Data shown>

= = =

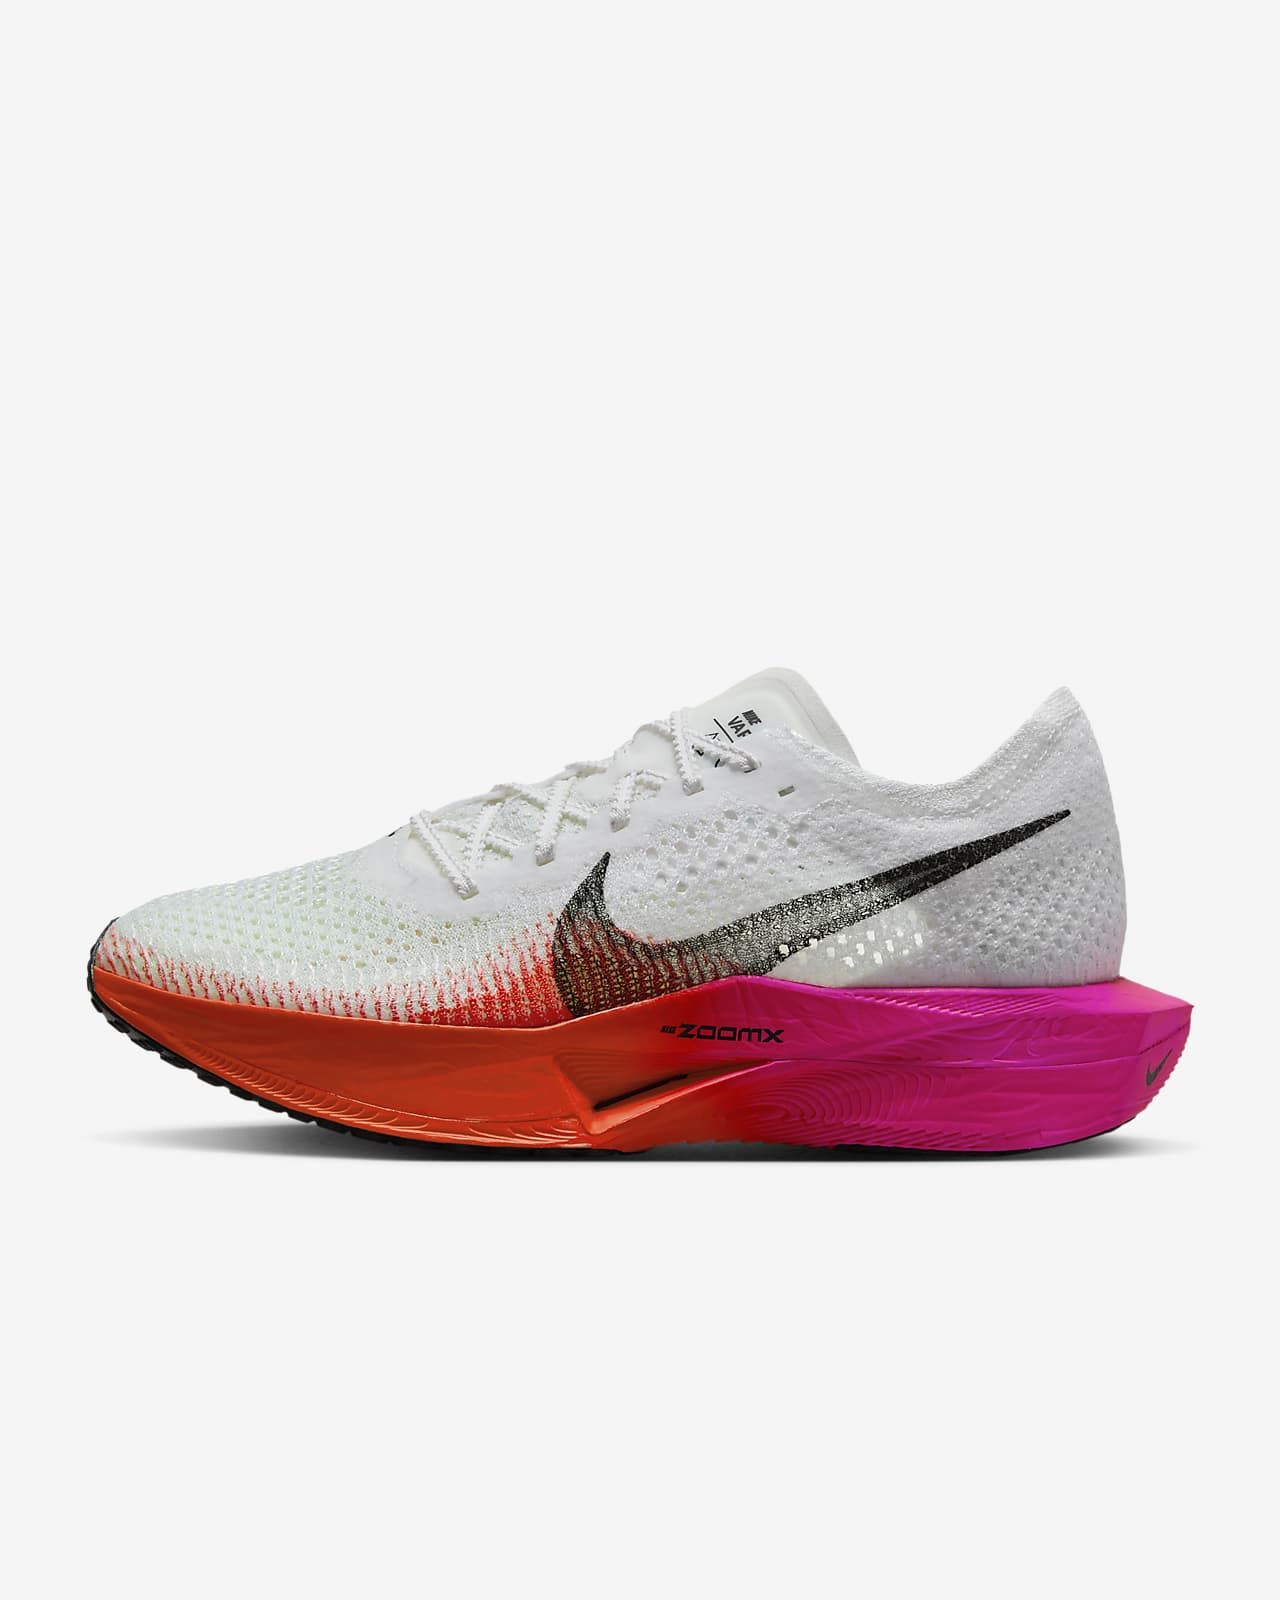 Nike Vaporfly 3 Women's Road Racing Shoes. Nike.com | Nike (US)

= = =

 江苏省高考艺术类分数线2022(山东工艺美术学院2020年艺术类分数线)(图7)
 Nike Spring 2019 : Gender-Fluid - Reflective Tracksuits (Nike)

= = =

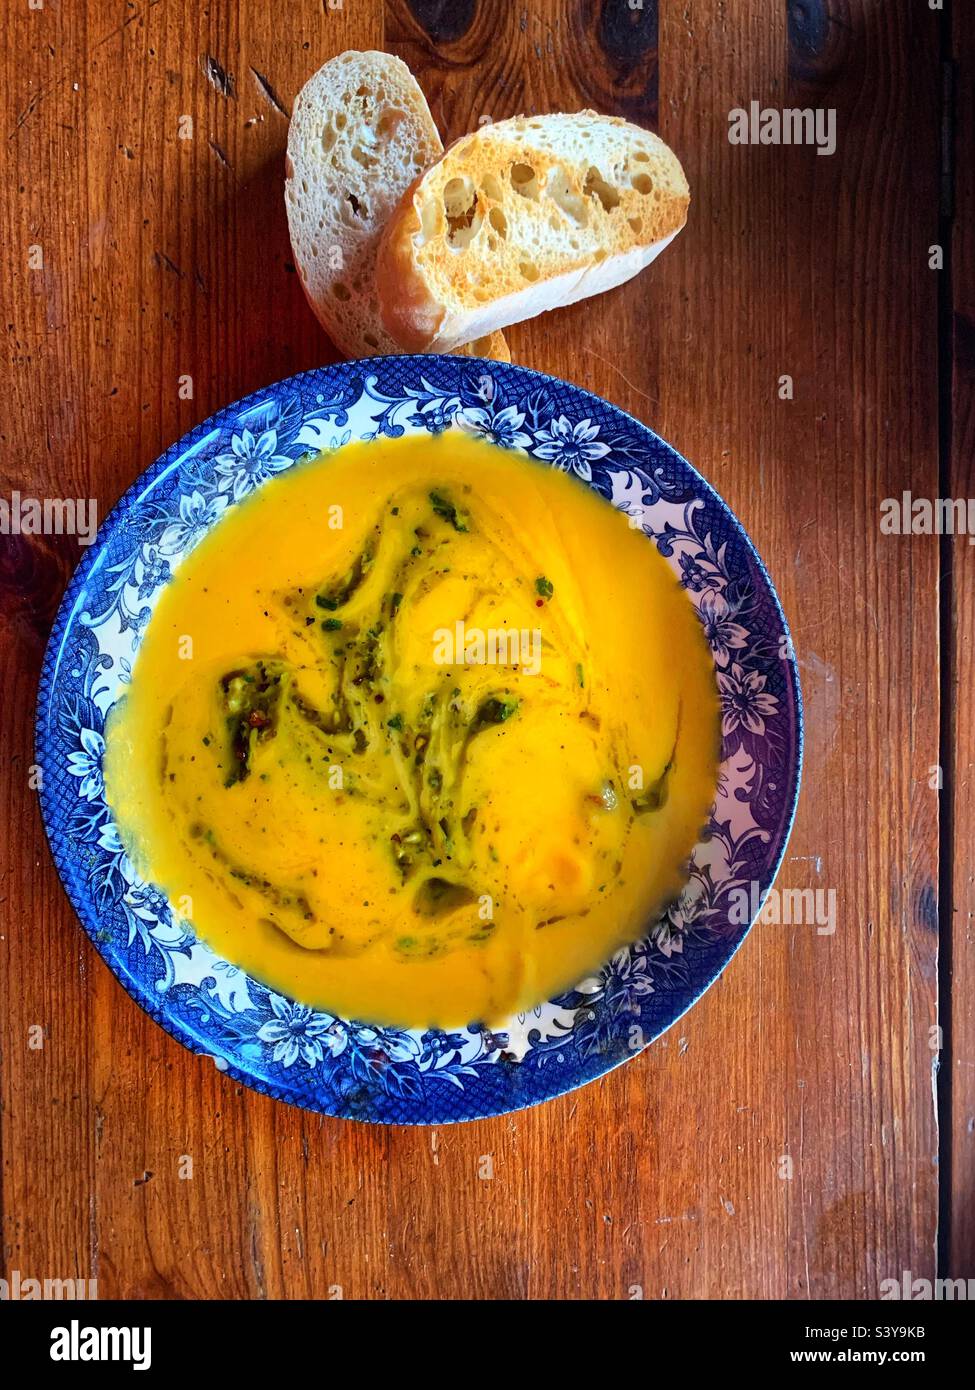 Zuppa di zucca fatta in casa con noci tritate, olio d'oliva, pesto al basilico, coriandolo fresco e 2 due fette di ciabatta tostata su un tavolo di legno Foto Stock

= = =

From the records above, print exactly the lines that run from the line with "江苏省高考艺术类分数线202" to the line with "Nike Spring 2019", inclusive.

 江苏省高考艺术类分数线2022(山东工艺美术学院2020年艺术类分数线)(图7)
 Nike Spring 2019 : Gender-Fluid - Reflective Tracksuits (Nike)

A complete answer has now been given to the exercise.